Je vous donne les clés de l’avenir, ne prenez plus la
peine de penser par vous mêmes. C’était le stade
artisanal de la création de fausse monnaie intellectuelle.
De nos jours, la manipulation est devenue une industrie de masse, avec
sa hiérarchie dans l’échelle des tâches.
Pensons à la publicité, à la presse écrite,
à la radio, à la télévision. Ces industries
emploient plusieurs dizaines de milliers d'individus. Chacun croit
faire son métier consciencieusement. Chacun détient une
parcelle du pouvoir de manipulation des esprits. Un animateur de radio
se prend pour Dieu le Père. On est sur la piste de bobsleigh.

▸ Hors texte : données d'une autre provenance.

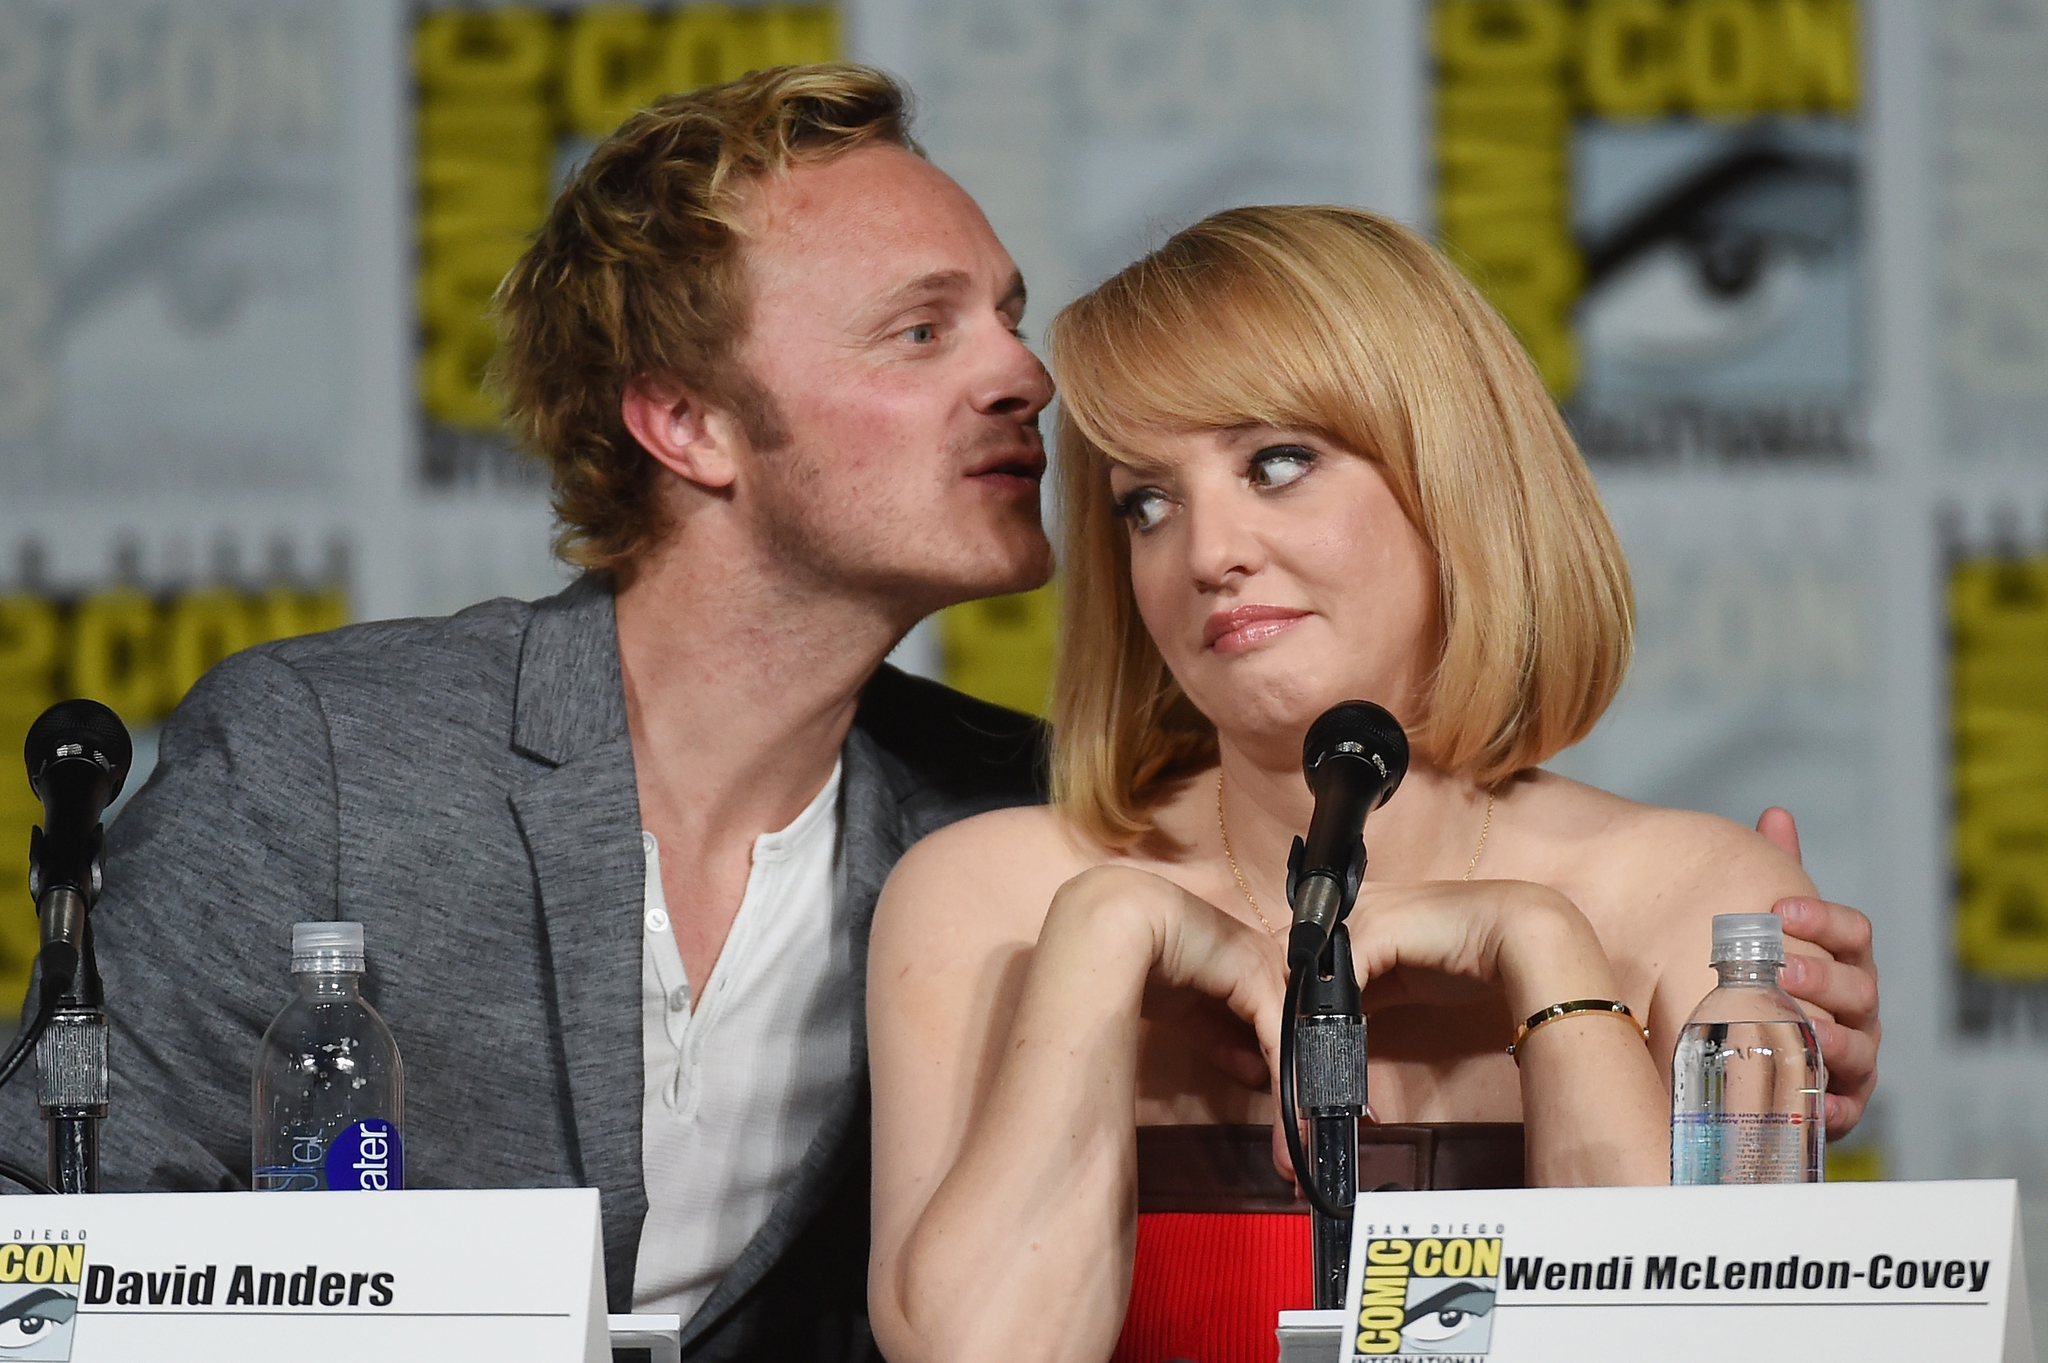 Wendi McLendon-Covey and David Anders

Toujours plus. Toujours plus vite. C’est l’audimat qui
mesure la qualité. Les rotatives de la fausse monnaie culturelle
tournent à plein.
Prenons le cas du poète ou du prophète. En temps normal,
son rôle est de nous faire entrevoir une partie de la
réalité qui nous échappe communément. La
monnaie qu’il génère est, sans jeu de mots, de bon
aloi. Elle sert à lubrifier l’évolution dans la
société des hommes à un instant donné.
Mais, s’il y a emballement, le risque de détournement est
grand. Les esprits surchauffés font les révolutions. Mais
au profit de quoi ? au profit de qui ?
Récemment, les futurologues ont remplacé les
prophètes. A-t-on gagné en sagesse pour autant ? Rien
n’est moins sûr.
Les prophètes étaient peut être fous, peut
être inspirés par une puissance supérieure. Les
futurologues gagnent leur vie en capitalisant sur les craintes des
humains ou sur leurs aspirations individuelles, ce qui les rend
suspects.
Mais faire miroiter que, grâce aux progrès de la science,
on pourra vivre jeune plus longtemps, sans souffrances, sans maladies,
n’est ce pas le sommet de la création de fausse monnaie ?

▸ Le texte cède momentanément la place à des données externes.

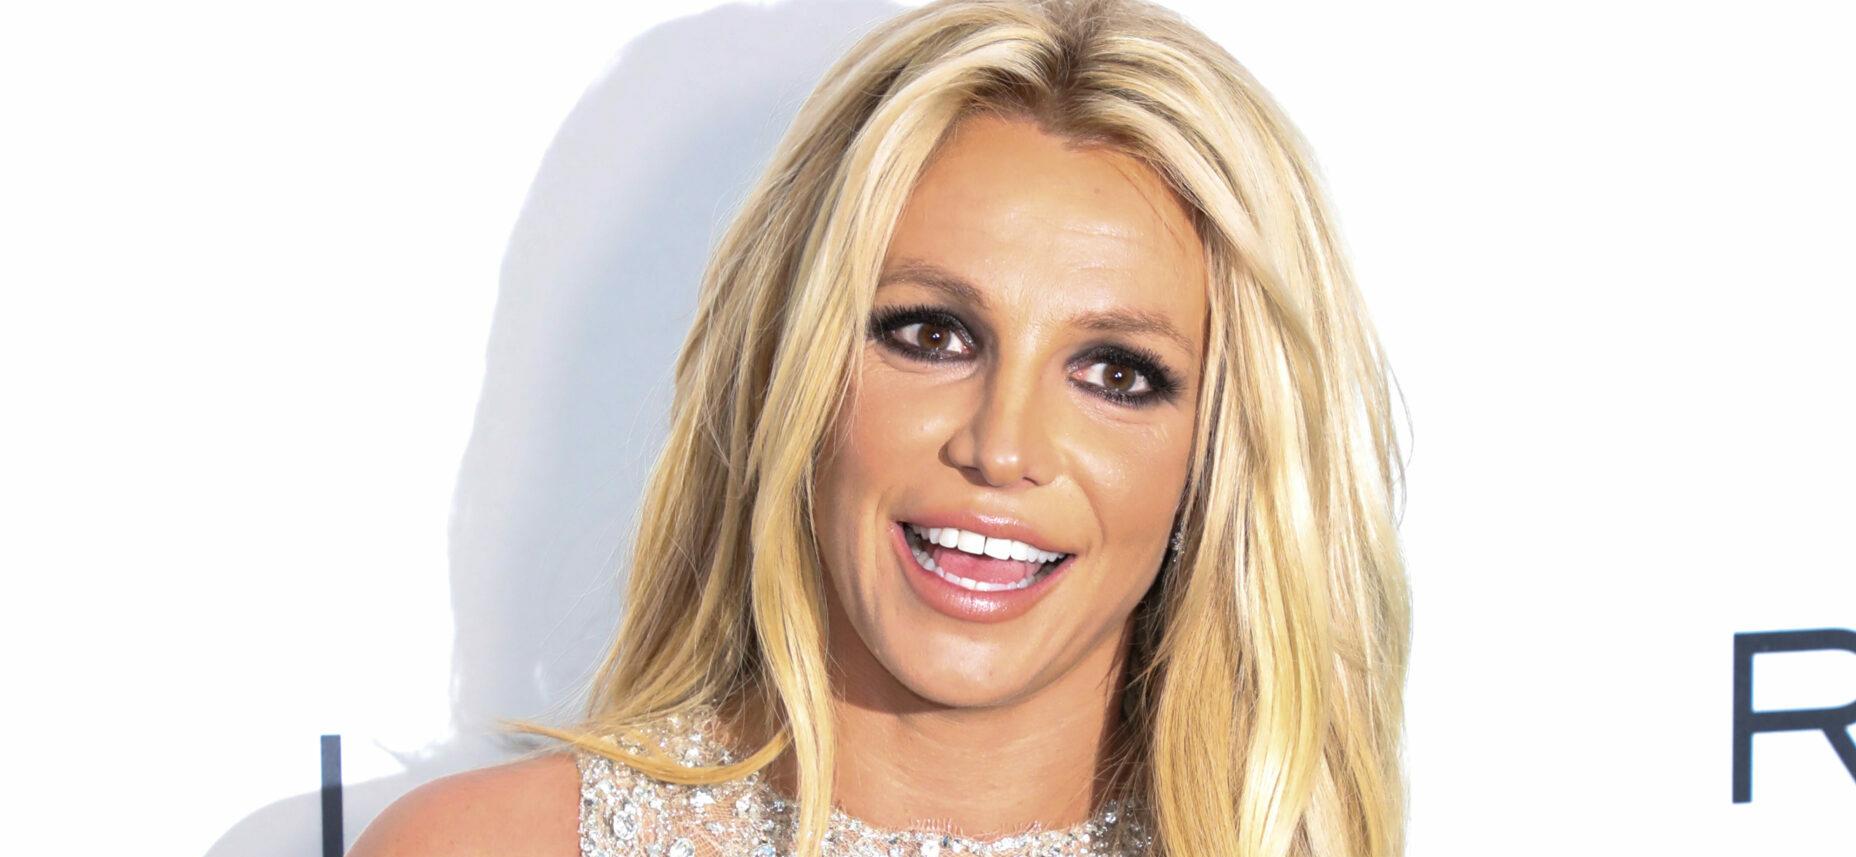 Is Britney Spears Hiding Her Teeth To Avoid Accusations Of AI?

Pas tout à fait le sommet, puisque, grâce au
clonage, on voudrait nous faire fantasmer sur une sorte
d’immortalité individuelle artificielle. Quelle horreur !
Du coup les Papes manipulent la marche « arrière toute
». Je ne sais pas si leurs arguments sont valables, mais sur le
fond ils ont raison.
Le cas est exemplaire. Les faux billets de la consommation d’une
immortalité factice se répandent inexorablement. Les
billets authentiques, ceux des valeurs traditionnelles de
l’humanité, se font de plus en plus rares. Prendront-ils
un jour une valeur de collection qui leur rendra la place qu’ils
méritent ?
Même les garants de l’orthodoxie sont contaminés
Les considérations qui précèdent nous
amènent à constater que la communauté scientifique
est elle-même génératrice de fausse monnaie.
Particulièrement dans les sciences du vivant.
La deuxième moitié du XXème siècle a vu des
progrès impressionnants dans l’observation fine des
mécanismes du vivant. Le pourcentage de guérison de
maladies, autrefois mortelles, augmente constamment. Les chirurgiens
font du mécano avec nos organes. Avant d’être
clonés, nous en sommes pratiquement au stade de
l’entretien préventif et de l’échange
standard de nos organes vitaux.
Et tout cela grâce au cochon transgénique producteur d'organes compatibles.
Un jour vous verrez qu’on nous greffera un cerveau de reptile.
Vive l'évolution de l'espèce ! Espérons que cette
fausse monnaie sera retirée de la circulation avant qu'il ne
soit trop tard.
Nous sommes tous atteints
Ma petite fille, Claire, nous annonce qu’elle espère
gagner dix Euros si elle a la meilleure note de sa classe au prochain
devoir surveillé de mathématiques. Elles ont monté
une sorte de pari mutuel entre filles où chacune mise un Euro.
N’est- ce pas le début d’un circuit parallèle
de récompense ? Une contrefaçon en puissance ?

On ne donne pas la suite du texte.